# Semi-belated NGD: Luna Rose Nylon (with tone test/demo video)



## Preciousyetvicious (May 24, 2014)

Since I've been steadily working on improving my jazz chops for an acoustic jazz project I'm doing with my boyfriend, I have been jonesing for a nylon that doesn't make my left hand feel like crap. The first company that came to mind was Luna Guitars, as they are a company known to make guitars that are more comfortable for people with smaller hands (or little girly hands, if you want to be more blunt, teehee!). Being affordable is also a plus!

Admittedly, I wanted _this_ one just from looking at it on the Luna website. But, as there was no way I could try the guitar before buying it, I made sure that I had the option to ship it back to the seller for a refund if it turned out to be a crappy playing or sounding guitar. Thankfully, that's not the case at all in either department.  

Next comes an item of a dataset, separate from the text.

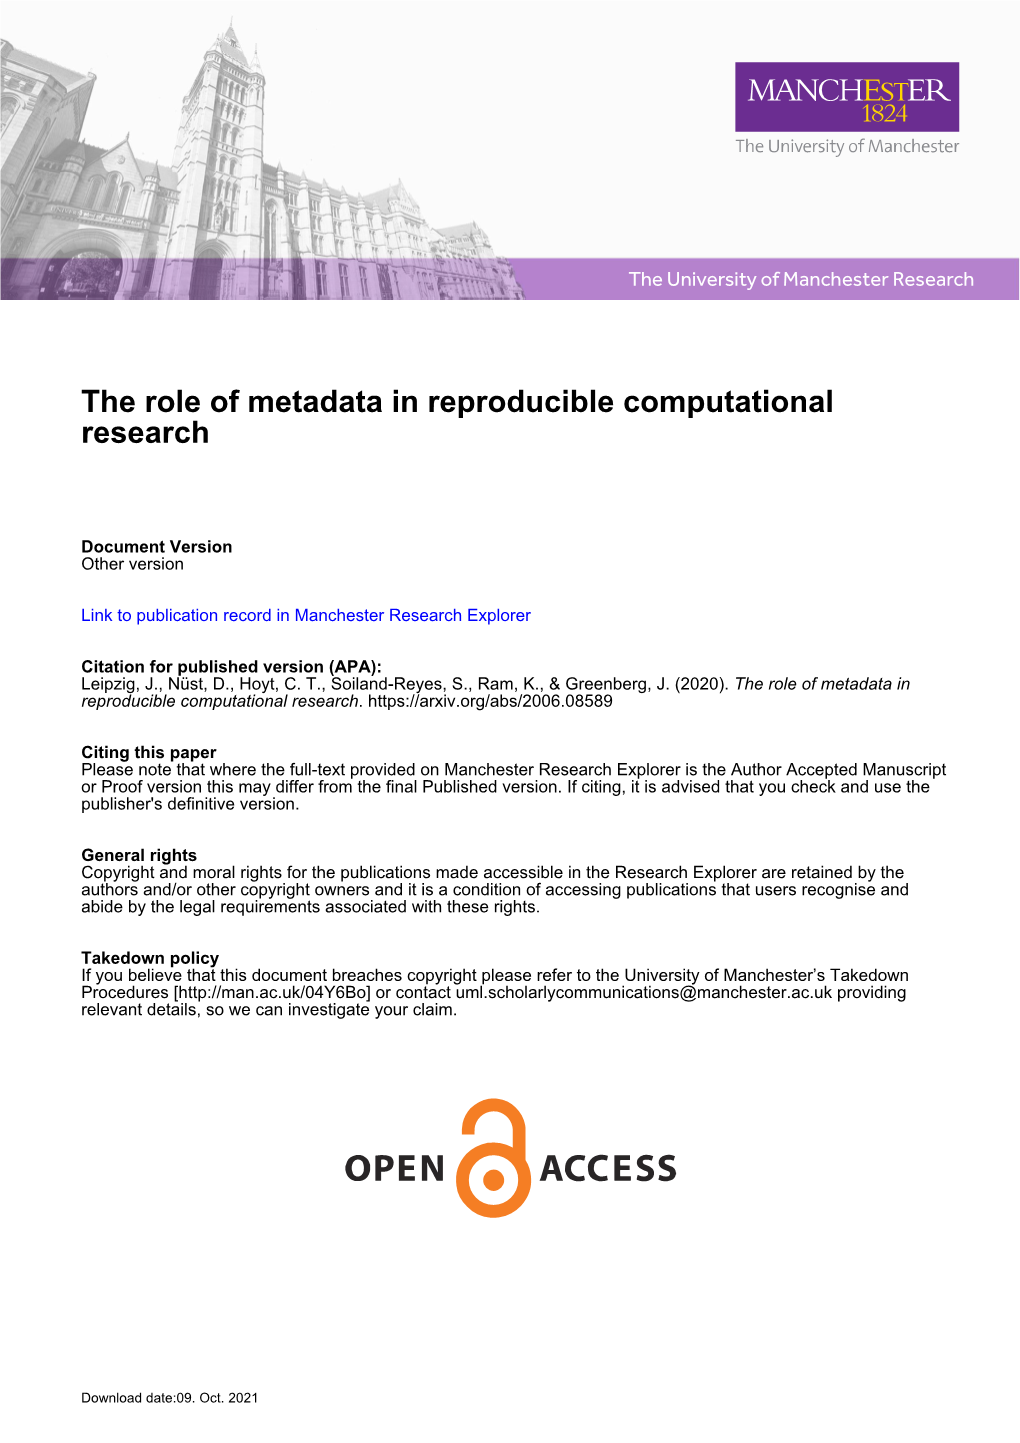 The Role of Metadata in Reproducible Computational Research

Specs (copied from Luna website):

Tinted Abalone inlay
Body: Folk
Top: Quilted Maple
Back/Sides: Mahogany
Neck: Mahogany
Fretboard / Bridge: Rosewood
Preamp/Tuner: B-band
Scale: 25 1/2
Nut Width: 1 5/8
Finish: Gloss

Pics:













Video:


----------



## vansinn (May 28, 2014)

Looks very neat. I normally wouldn't care for such decorations, but it works on this one.
Seems to have pretty decent upper fret access too.
Any words on the pricing?

Difficult to judge the tone from the clip; most of the spectrum seems very neatly balanced for the samba encore and jazzy styles, though the low end seems to lack a bit of strength, but that could be a matter of string selection and the recording.

I'd like one of those as a seven stringer 

EDIT: Doesn't seem to lack anything in tone, just check this clip with Vicky Genfan on the Henna model, which doesn't seem too much different than the Rose:
http://www.youtube.com/watch?v=99Xk_Ky4wzU


----------



## Preciousyetvicious (May 28, 2014)

They go for about $400-420, and for a mid-ranged priced instrument, I'm quite happy with it.


----------



## ilyti (May 30, 2014)

Congrats! Welcome to the Luna club. It's a pretty small club around here.


----------



## Preciousyetvicious (May 31, 2014)

Why, thank you! Small clubs are my jam.


----------